Тень. — Я часто с болью покидала тебя. Мне, при всей моей любознательности, все еще многое остается темным в человеке, потому что я не всегда могу быть с ним. Ценою полного познания человека я согласилась бы даже стать твоей рабой.

Странник. — Но знаю ли я, знаешь ли ты, что из рабы ты не превратишься неожиданно в мою властительницу или что тебя не ждет унизительная жизнь рабы, презирающей своего господина? Будем и ты и я лучше довольствоваться своей свободой. Вид рабы отравил бы мне все величайшие радости. Мне опротивело бы даже самое лучшее, если бы кто-нибудь обязан был разделять его со мной. Я не хочу знать рабов вокруг себя. Поэтому я не терплю и собаки, этого гадкого, виляющего хвостом блюдолиза. Она первая проявила «собачью» преданность, и люди еще так хвалят ее за то, что она верна своему господину и следует за ним, как…
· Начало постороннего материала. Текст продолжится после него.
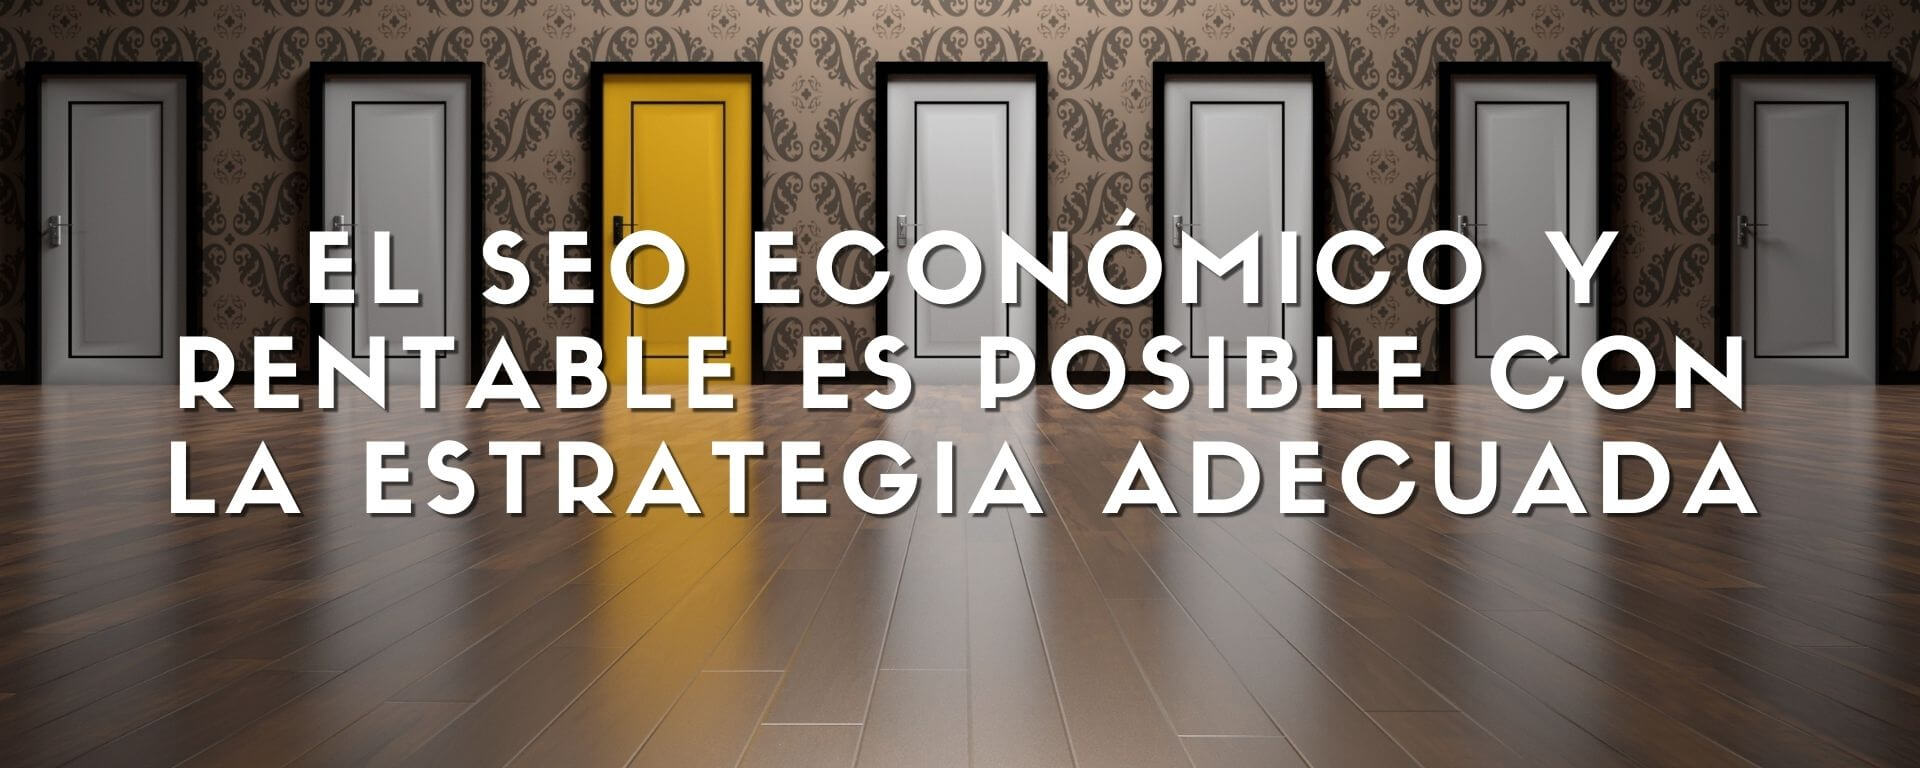 El SEO económico y rentable se puede lograr a través de estrategias personalizadas.

Тень. — Как тень, так говорят они. Может быть сегодня я тоже слишком долго следовала за тобой? Это был самый длинный день, но он близится к концу, потерпи еще немного. Трава уже влажна, и дрожь пронизывает меня.

Странник. — Разве пора уже прощаться? А я еще под конец обидел тебя. Я заметил, ты стала темнее.

Тень. — Я покраснела, окрасилась в свой цвет. Мне казалось, что я часто лежала у твоих ног, как собака, и что ты тогда…

Странник. — Не могу ли я наскоро сделать тебе чего-нибудь приятного? Нет ли у тебя какого желания?

Тень. — Никакого, за исключением высказанного философом «собакой» Александру Великому: посторонись немного от солнца, мне очень холодно.

Странник. — Что я должен сделать?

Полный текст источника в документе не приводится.